In the time she had spent living alongside Ti-Zan, Sandra had discovered much about her hosts. For the more abstract, cultural elements that make up an intelligent species, they were very similar to humans, albeit vastly more collectivist in outlook than even the most communal of human cultures. Like humans, they generally heavily favored permanent, monogamous relationships between mating pairs.
Also like humans they had traditional roles the two sexes typically filled (though their monoculturalism makes it difficult to say how much of it is nature and how much of it is nurture). Much like humans, things like hunting, building, working a trade, and the hard sciences were traditionally regarded as “things men do”, whereas home life, organizing social functions, child care, and the soft sciences tended to be regarded as “things women do.” And, again, like humans they have begun to reexamine these roles in the wake of their industrial revolution.

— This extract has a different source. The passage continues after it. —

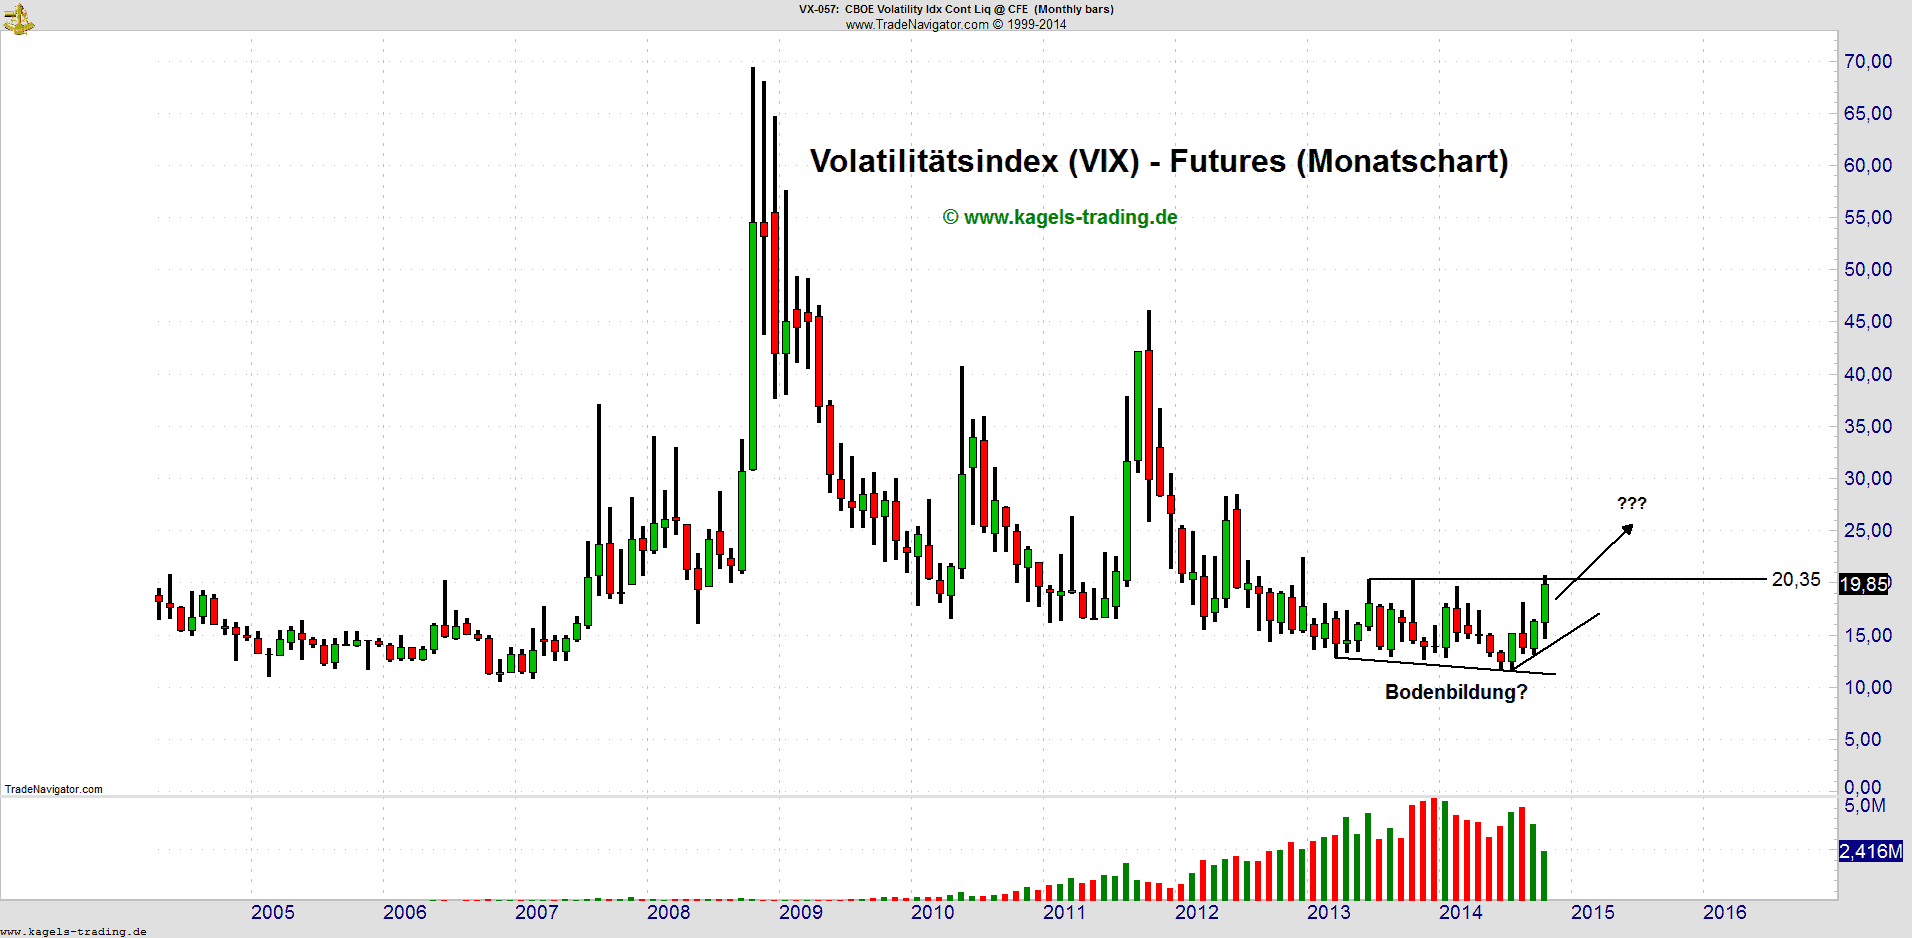 Volatilitätsindex (VIX)

These things have their roots in generalized physical and behavioral differences between the sexes. On paper, the differences between the sexes are quite similar between humans and zani, with males generally having natural physical advantages and females natural advantages in social and emotional intelligence. However, they’re only similar on the surface level. Whereas human males are on average just generally physically stronger and more athletically capable than their opposites, zani males aren’t actually much more strong or athletic than zani females. They are, however, covered in armored plating.
The plates weren’t just for show. Zani men were durable. Sandra had seen a man get hit by a car one day while walking through the capital city streets with Akito. The man had put a zani-shaped dent in the front of the car, and had then immediately gotten up and proceeded to argue with the driver over who was at fault, his only injury a nasty bruise. In comparison, a zani woman was about as durable as a human woman. In many ways, this made the physical gap between the sexes even more pronounced than in humans, despite the difference in actual physical ability being less pronounced. A Zani woman who got into a fistfight with a man would achieve nothing except broken finger bones and an annoyed look from her opponent, and the only reason she’d be unscathed was because zani men took the adage that “you don’t hit a girl” very seriously. When a single punch from your armored fist can crack a woman’s skull open, you kind of have to.
This durability was an adaptation to the harsh and dangerous land they inhabited. Animals on Hent tended to be either gigantic and ravenous or tiny and hyper-efficient. Ti-Zan was a rare example of a medium sized animal inhabiting the planet. The countless tiny animals lived within the intricate network of small streams, brooks, and ponds that were shielded from the eternal sunlight by the vast array of above ground caves and crags that characterized the Zani homeland.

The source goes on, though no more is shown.